L’altro sequestro è quello, conseguente, del Parlamento. Quando, col sistema toscano, il capo del partito diventa presidente del Consiglio, il Parlamento, composto di sola gente al seguito, si trasforma in una sua propaggine esterna. E se per caso questa non risulta maneggevole e arrendevole come egli vorrebbe, ecco nascere la richiesta di riforme. Non ci è forse toccato di sentir dire che in Parlamento basterebbero una trentina di persone, oppure che si potrebbe votare solo nelle commissioni, oppure che potrebbero votare solo i capigruppo? Forse sono scherzi, ma hanno l’aria di essere freudiani. Dopotutto, a che serve il Parlamento se fa tutto il governo? E se deve fare tutto il governo, e per esso il suo capo, a che servono tante procedure?
Il sequestro del Parlamento da parte del governo ha anche altre cause. Quando il governo sigla un accordo con i sindacati, il Parlamento è chiamato solo a mettere il timbro. Quando il governo fa un’intesa con le Regioni, il Parlamento può solo ratificare. Quando il governo se la vede direttamente addirittura con alcuni pochi sindaci, il Parlamento appone la firma. E cosí via, con le associazioni, le categorie, i gruppi organizzati, eccetera. Per non parlare delle nomine negli enti o delle autorità.
Si obietterà che al Parlamento, anche sotto sequestro, resta pur sempre il potere di far cadere il governo. Ma non è vero. Quella minaccia è un’arma senza la punta: perchè se cade il governo si rivota e i capibastone (qualifica che i capibastone danno a chi li disturba) eleggono un altro capo che ripeterà le orme del predecessore.
Solo che, di questo passo, sequestro dopo sequestro, il sistema degenera.
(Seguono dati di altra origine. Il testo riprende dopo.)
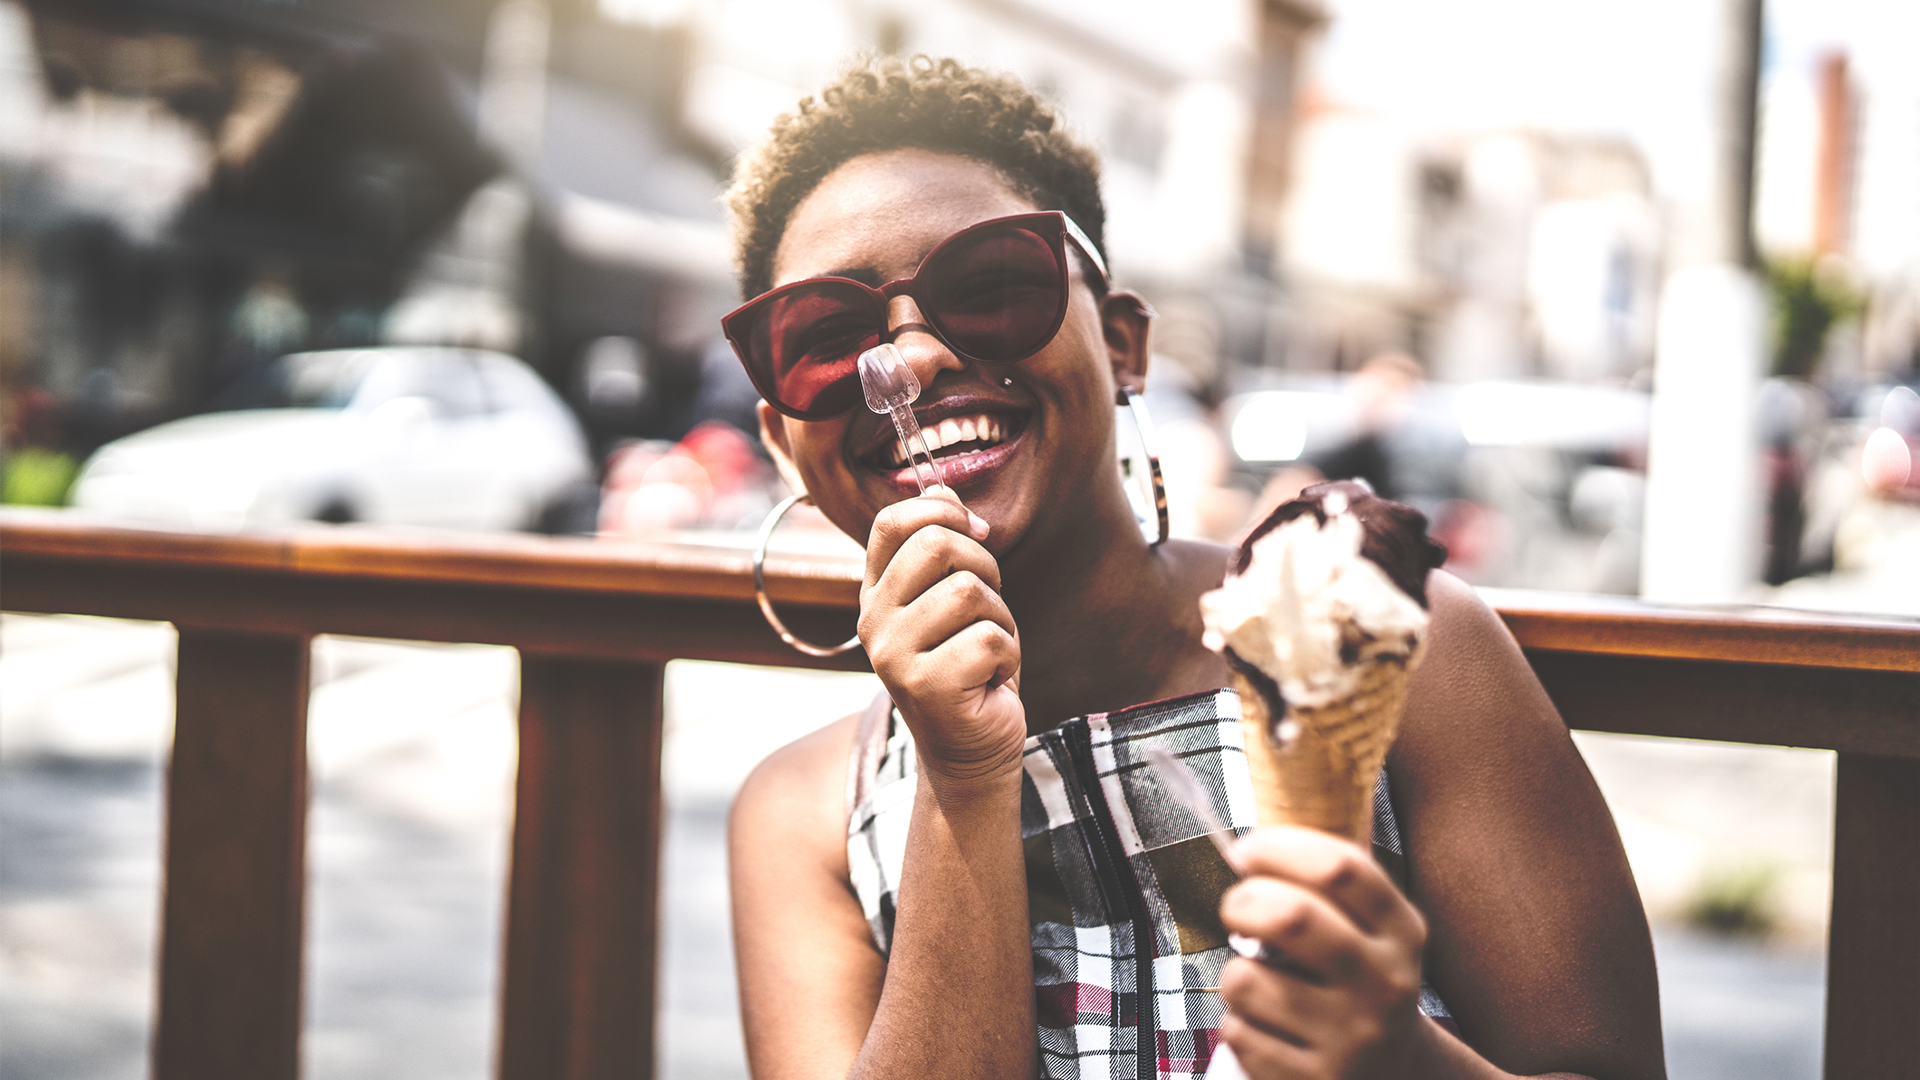 10 Black-Owned Ice Cream Businesses To Support On National Ice Cream Day

Se poi si aggiunge la circostanza tragica che oggi in questo sistema non c’è neppure l’opposizione politica, per malattia grave sua propria e perchè neanch’essa capisce le cause vere della crisi italiana, anzi le coltiva al pari della maggioranza, allora si deve concludere che, sempre di questo passo, degenera anche la democrazia. Già adesso siamo alle folle “oceaniche” si sarebbe detto una volta – sotto i gazebo e sotto le tende delle primarie. Approfittando delle lunghe file, anzichè spingere il poveretto che sta davanti, sarebbe il caso di soffermarsi a riflettere. Non certo sulla perduta “centralità del Parlamento”, per metterci una toppa, come toppe sarebbero il presidenzialismo, il Senato federale, o un nuovo Csm, ma su una questione più importante e di sistema: la nostra Costituzione è ancora un patto che lega gli italiani? à ancora uno strumento efficiente e adeguato?
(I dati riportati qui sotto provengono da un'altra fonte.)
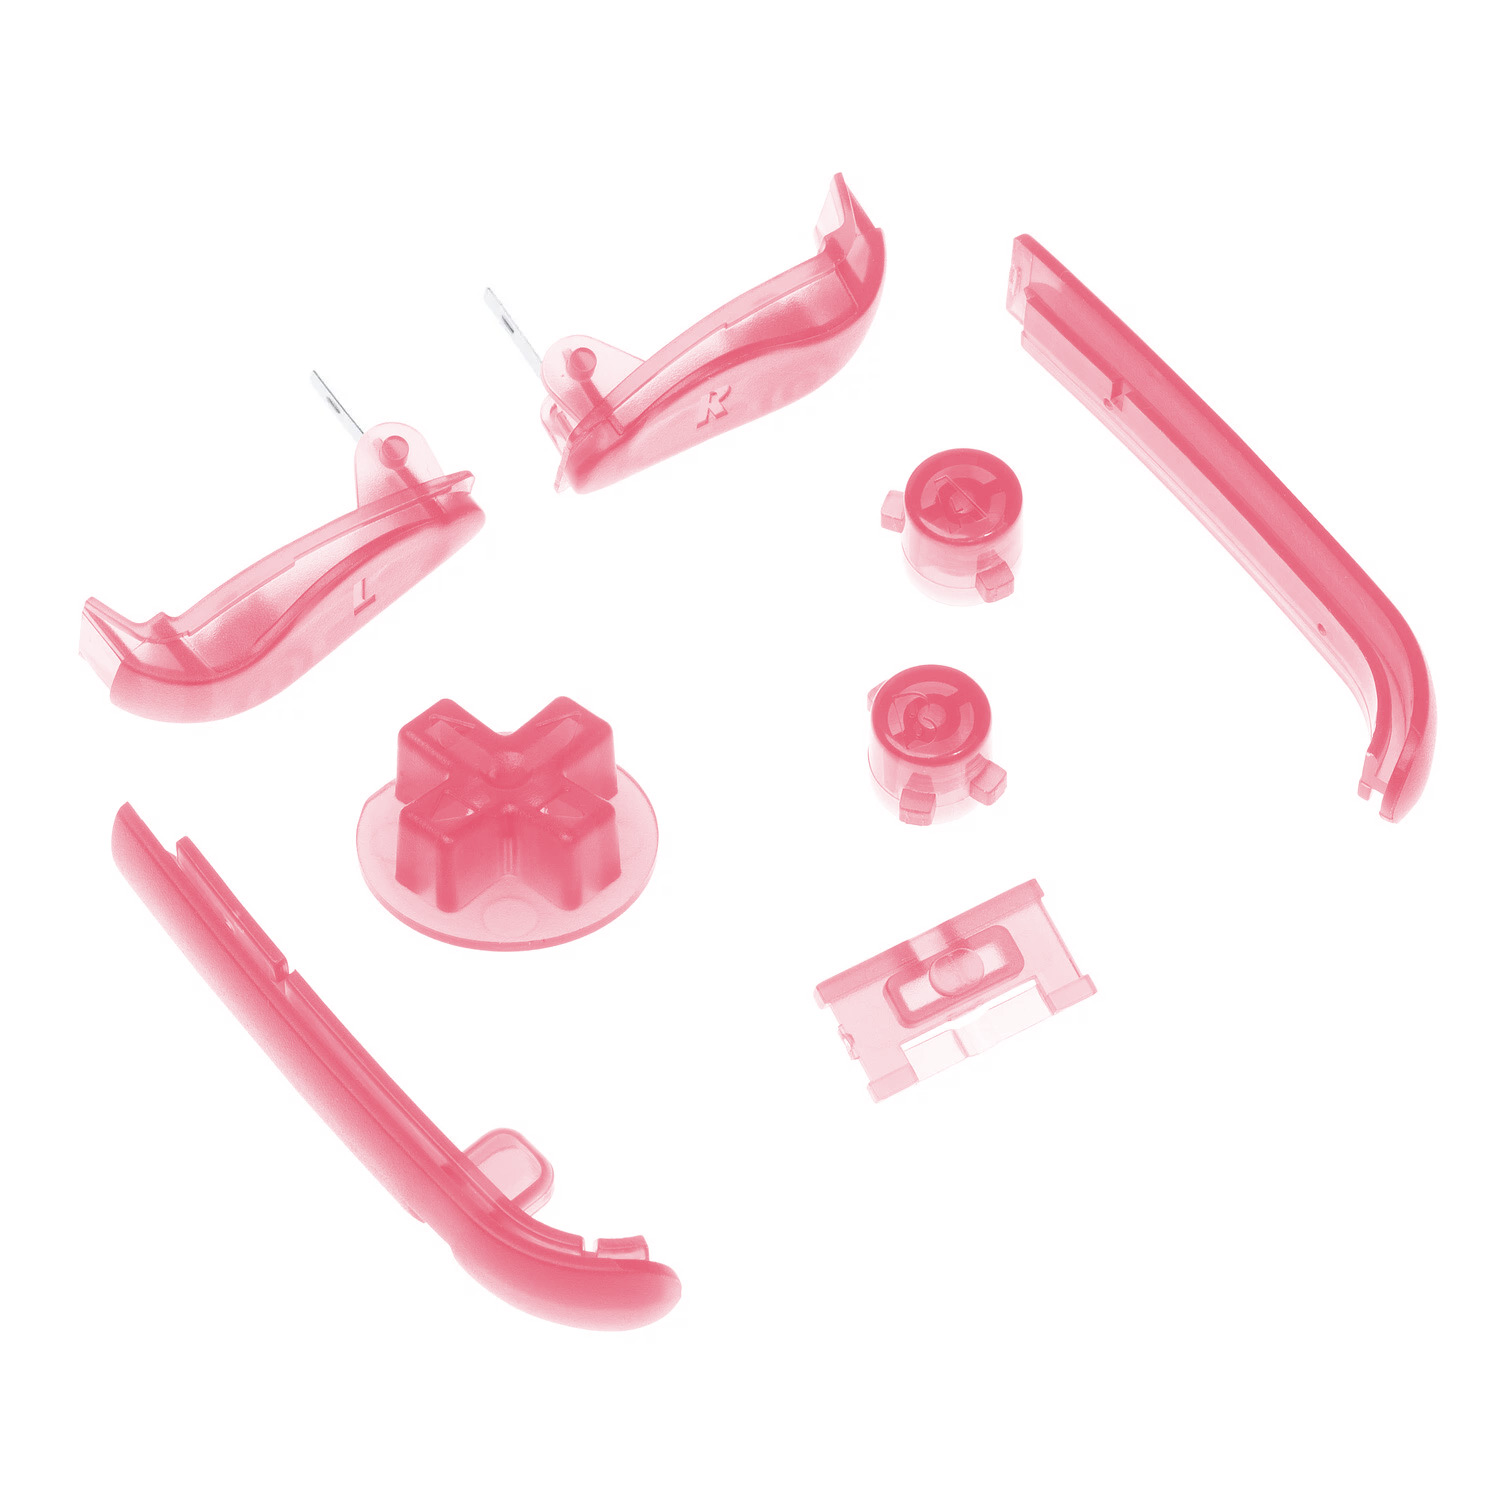 Game Boy Advance Buttons (Pink Clear)

C’è stato un tempo in cui, soprattutto nel centrodestra, queste domande erano all’ordine del giorno. E ce ne fu un altro in cui un presidente della Repubblica, Francesco Cossiga, considerato matto perchè dava il meglio di sè quando faceva il matto, le pose all’attenzione di tutti. Oggi è scena muta. Ed è un grave errore. C’è solo da sperare che non si trasformi in una tragedia, il giorno in cui la crisi costituzionale e politica si dovesse combinare con una economica e sociale.